Понимаете ли вы, мой возможный читатель, о каком заболевании и о каком лечении тут идет речь?
А речь тут идет о том, что не каждое русское сердце могло все же выдержать, глядя на бесчинства и кровавые зверства, которые прокатились тогда по деревням всей России. Видимо, некоторые люди в продотрядах проникались сочувствием к ограбленным и обрекаемым на голод крестьянам. Отряды, в которых заводились такие люди, и считались «заболевшими». И отправлялись, откуда были посланы «для отчета» и «лечения». Нетрудно догадаться о методах лечения и о лекарствах, которые их ждали.

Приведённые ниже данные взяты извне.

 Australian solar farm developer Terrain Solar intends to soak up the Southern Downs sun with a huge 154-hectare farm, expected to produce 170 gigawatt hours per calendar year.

Теперь остается сказать главное о продовольственной диктатуре, а именно сказать о том, на кого она распространялась, Владимир Ильич все время оперирует понятиями «кулаки», «деревенская буржуазия», но в одном месте он все же проговорился и таким образом поставил все точки над «и». Причем я не знаю, чего больше в этой его тираде – цинизма, ненависти и презрения к крестьянам или фанатизма, перерастающего в тупую и животную злобу. Речь пойдет о русском крестьянине, которому никто никогда не отказывал ни в уме, ни в смекалке, ни в живости характера, ни в чувстве собственного достоинства. Это о нем говорил аристократ Пушкин: «Посмотрите на русских крестьян, разве они похожи на рабов?» Это о русской крестьянке говорит Некрасов: «Есть женщины в русских селеньях… Посмотрит – рублем подарит… Коня на скаку остановит, в горящую избу войдет». Какие же слова нашел о русском крестьянине великий вождь всех трудящихся? Нам важно сейчас и это, но главным образом то, что Владимир Ильич откровенно наконец-то, единственный раз проговорился, против кого была направлена диктатура. Никаких кулаков, никакой деревенской буржуазии, все четко и ясно названо своим именем.

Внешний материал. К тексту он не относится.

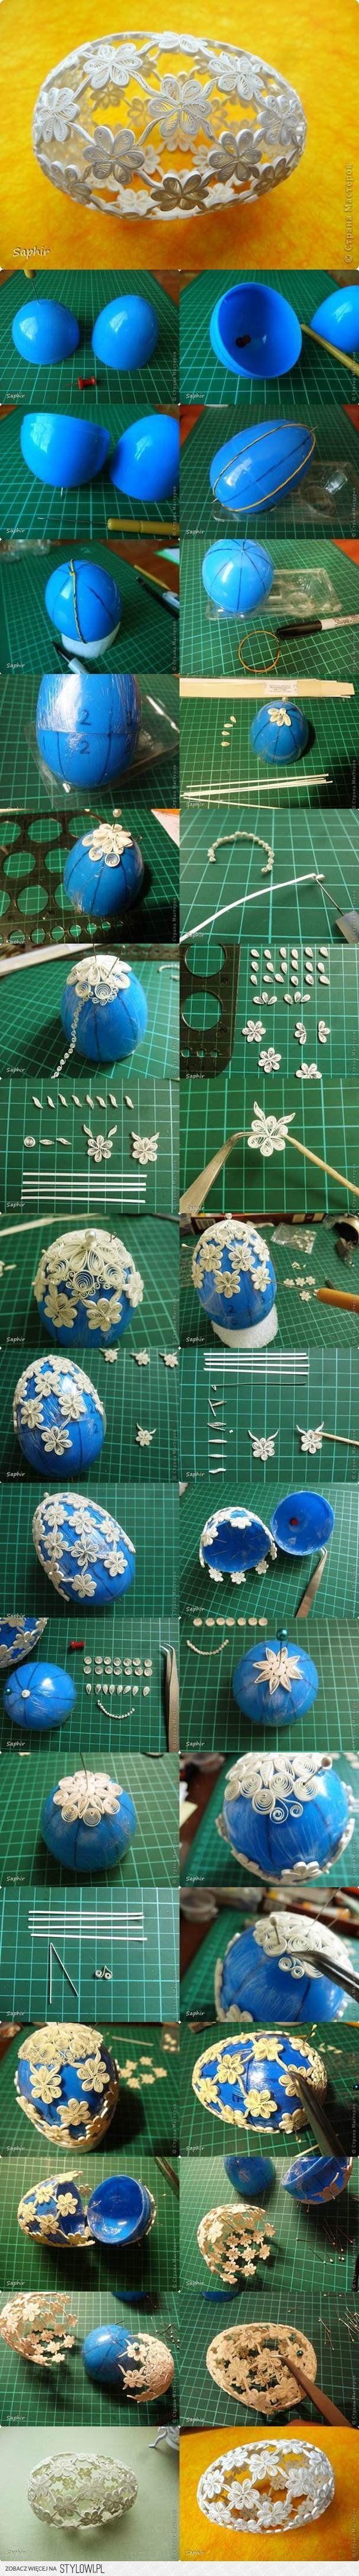 DIY Quilling Flowers Easter Egg   iCreativeIdeas.com

«Легко сказать: хлебная монополия, но надо подумать о том, что это значит. Это значит, что все излишки хлеба принадлежат государству. Это значит, что ни один пуд хлеба, который не надобен хозяйству крестьянина (а кто это решает? – В. С.), не надобен для поддержания его семьи и скота, не надобен для посева, – что всякий лишний пуд хлеба должен отбираться в руки государства. Надо, чтобы каждый лишний пуд хлеба был найден и привезен.
Откуда взять крестьянину сознание, которого сотни лет отупляли, которого грабили (но так еще никогда! – В. С.), заколачивали до тупоумия помещики и капиталисты, не давая ему никогда наесться досыта (а вот теперь решили накормить! – В. С.), – откуда ему взять сознание того, что такое хлебная монополия; откуда может взяться у десятков миллионов людей (не в кулаках, значит, дело! – В. С.), которых до сих пор питало государство только угнетением, только насилием, только чиновничьим разбоем и грабежом (да все же не бросало против него регулярных продовольственных армий! – В. С.), откуда взять понятие того, что такое рабоче-крестьянская власть (да уж! – В. С.), что хлеб, который является избыточным (и который во всем мире продается. – В. С.) и не перешедшим в руки государства, если он остается в руках владельца, так тот, кто его удерживает, – разбойник, эксплуататор, виновник мучительного голода рабочих Питера и Москвы? Откуда ему знать, когда его до сих пор держали в невежестве, когда в деревне его дело было только продавать хлеб, откуда ему взять это сознание?!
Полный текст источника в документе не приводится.